In the previous sections, we saw how to access and modify portions of arrays using simple indices (e.g., arr[0]
), slices (e.g., arr[:5]
), and Boolean masks (e.g., arr[arr > 0]
).
In this section, we'll look at another style of array indexing, known as fancy indexing.
Fancy indexing is like the simple indexing we've already seen, but we pass arrays of indices in place of single scalars.
This allows us to very quickly access and modify complicated subsets of an array's values.
import numpy as np
rand = np.random.RandomState(42)
x = rand.randint(100, size=10)
print(x)
[51 92 14 71 60 20 82 86 74 74]
如果我们想要访问其中三个元素,我们可以这样做:
Suppose we want to access three different elements.

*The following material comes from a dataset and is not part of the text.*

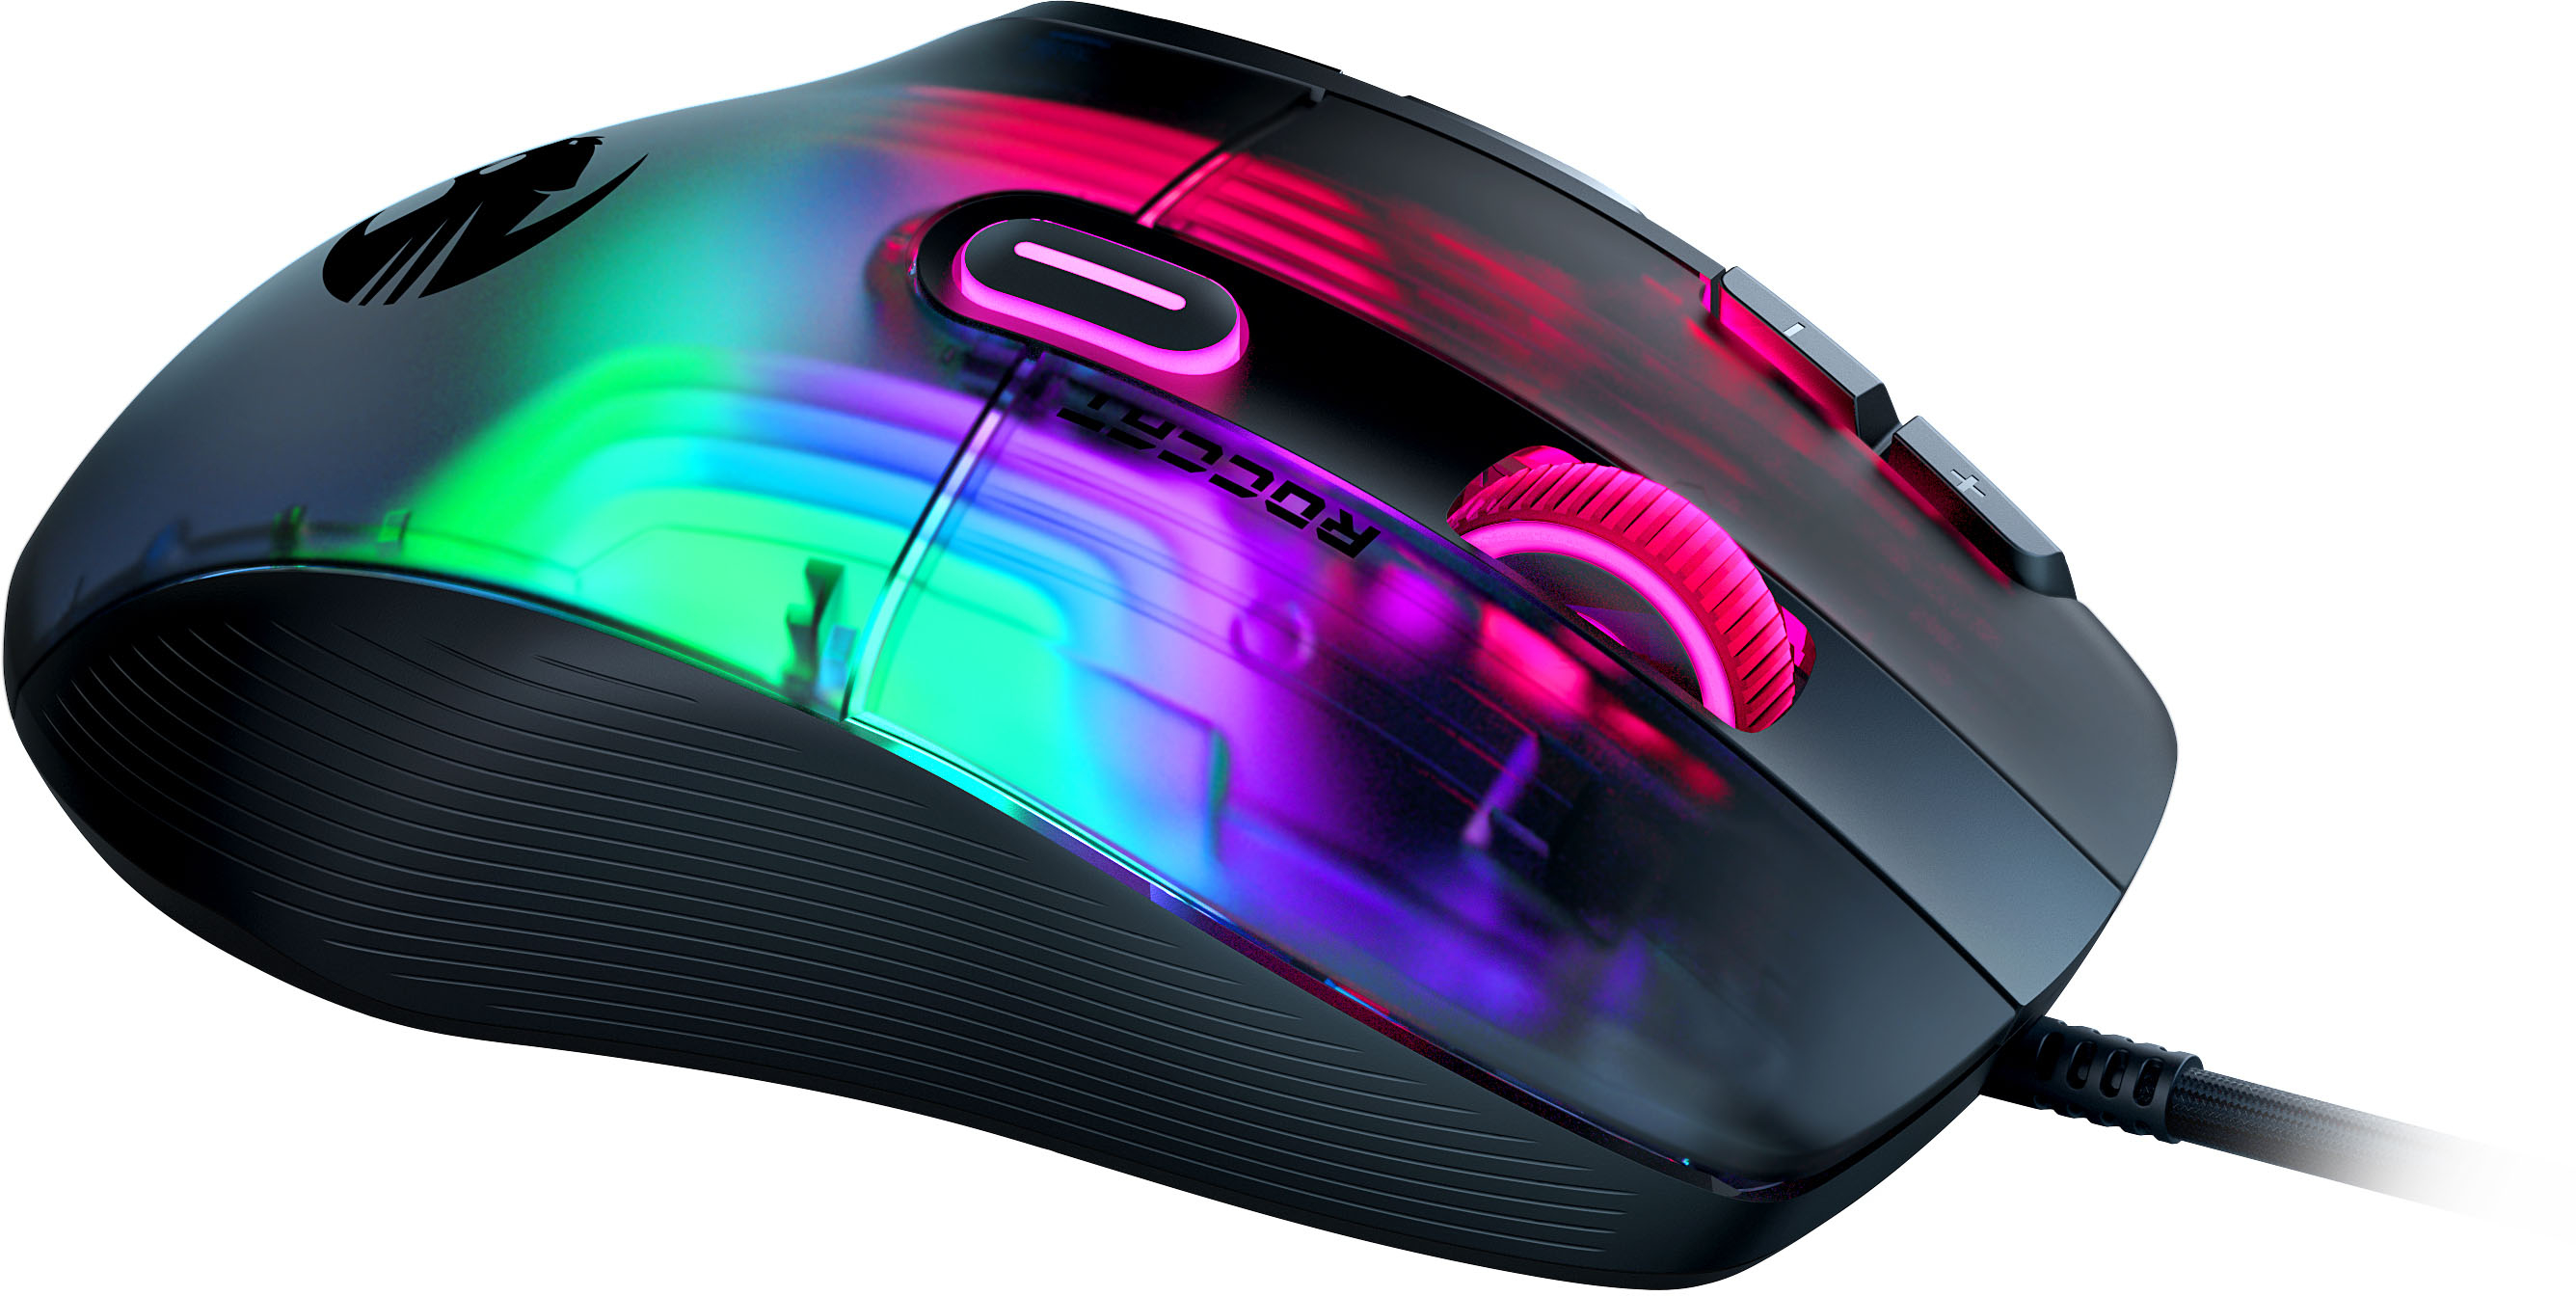 ROCCAT Kone XP RGB Gaming Mouse – Tacos Y Mas

We could do it like this:
[x[3], x[7], x[2]]
[71, 86, 14]
或者,我们可以传递这三个值的索引:
Alternatively, we can pass a single list or array of indices to obtain the same result:
ind = [3, 7, 4]
x[ind]
array([71, 86, 60])
使用 fancy indexing 的时候,结果的形状与索引数组的形状(而不是原数组的形状)保持一致:
When using fancy indexing, the shape of the result reflects the shape of the index arrays rather than the shape of the array being indexed:
ind = np.array([[3, 7],
[4, 5]])
x[ind]
array([[71, 86], [60, 20]])
Fancing indexing 也支持多维数组,看下面这个例子:
Fancy indexing also works in multiple dimensions. Consider the following array:
X = np.arange(12).reshape((3, 4))
X
array([[ 0, 1, 2, 3], [ 4, 5, 6, 7], [ 8, 9, 10, 11]])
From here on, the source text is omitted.